The following seven picks are up-and-coming stocks to watch because of several factors. First, they all are valued under $15 billion in market capitalization and have room for significant future growth. Secondly, they all have tremendous momentum in 2025 with gains of 40% or more this calendar year alone. Lastly, each one of these companies has a unique value proposition that could set it up for continued success in the years ahead.
Here are seven of the best up-and-coming stocks to buy in 2025:
Stock | Sector | Market value |
Compass Inc. (COMP) | Real estate | $5.3 billion |
GDS Holdings Ltd. (GDS) | Technology | $8.4 billion |
Grail Inc. (GRAL) | Health care | $1.5 billion |
Hims & Hers Health Inc. (HIMS) | Consumer defensive | $9.4 billion |
Innodata Inc. (INOD) | Technology | $2 billion |
Life Time Group Holdings Inc. (LTH) | Consumer discretionary | $6.6 billion |
Tempus AI Inc. (TEM) | Health care | $11.3 billion |
Compass Inc. (COMP)
Market value: $5.3 billion Sector: Real estate YTD returns: +58%
Existing home sales slowed down in 2024 as rising rates coupled with tight inventories on affordable housing took its toll on the real estate market. But according to the National Association of Realtors, we closed the year on a high note as existing home sales in December hit the strongest pace since February 2024 and were up an impressive 9.3% year over year to mark the largest year-over-year gain since the post-pandemic flood of sales in June 2021.
While the pace slowed down in January, existing home sales still rose 2% year over year in the first month of 2025. That means the timing couldn’t be better to consider up-and-coming stock Compass, which is now the nation’s No. 1 real estate brokerage by sales volume.
The stock went public in 2021 at $18 per share and remains down almost 50% from that previous level thanks in large part to a market-wide slowdown for real estate. But things have stabilized, and COMP is consistently growing revenue by double digits thanks to new agents and what looks like a more favorable outlook in 2025.
GDS Holdings Ltd. (GDS)
Market value: $8.4 billion Sector: Technology YTD returns: +66%
GDS is a China-based technology leader that develops and operates data centers, offering services like colocation, managed hosting and cloud services to large enterprises.
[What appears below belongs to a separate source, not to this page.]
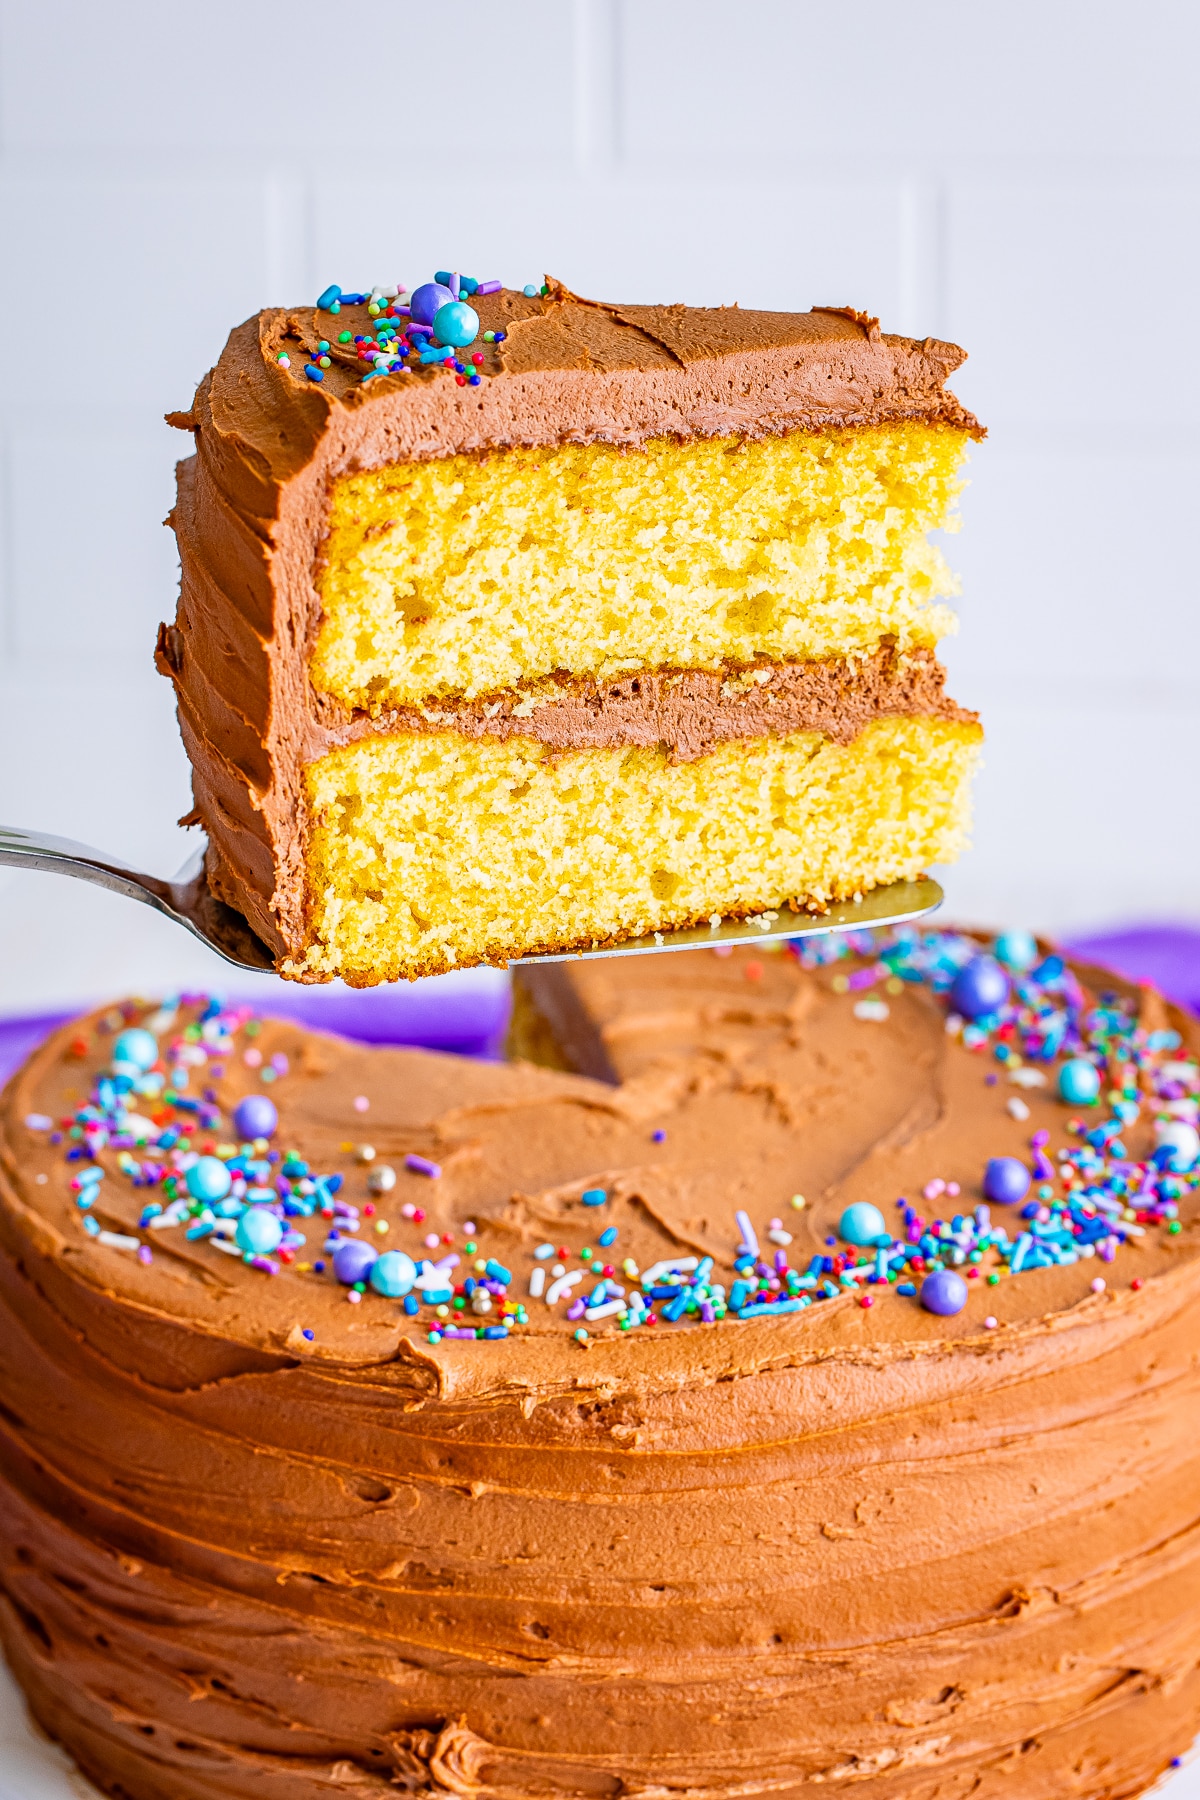 cake server holding up a slice of yellow cake with chocolate frosting in air

The stock has been on a tear in 2025 as analysts have published bullish updates on the data center operator by steadily increasing price targets.
On top of that, GDS recently rebranded its international unit as DayOne, which has sparked hopes of an initial public offering for this unit after a big $1.2 billion funding round in December 2024 that featured investors including SoftBank’s Vision Fund and Citadel CEO Ken Griffin, among others.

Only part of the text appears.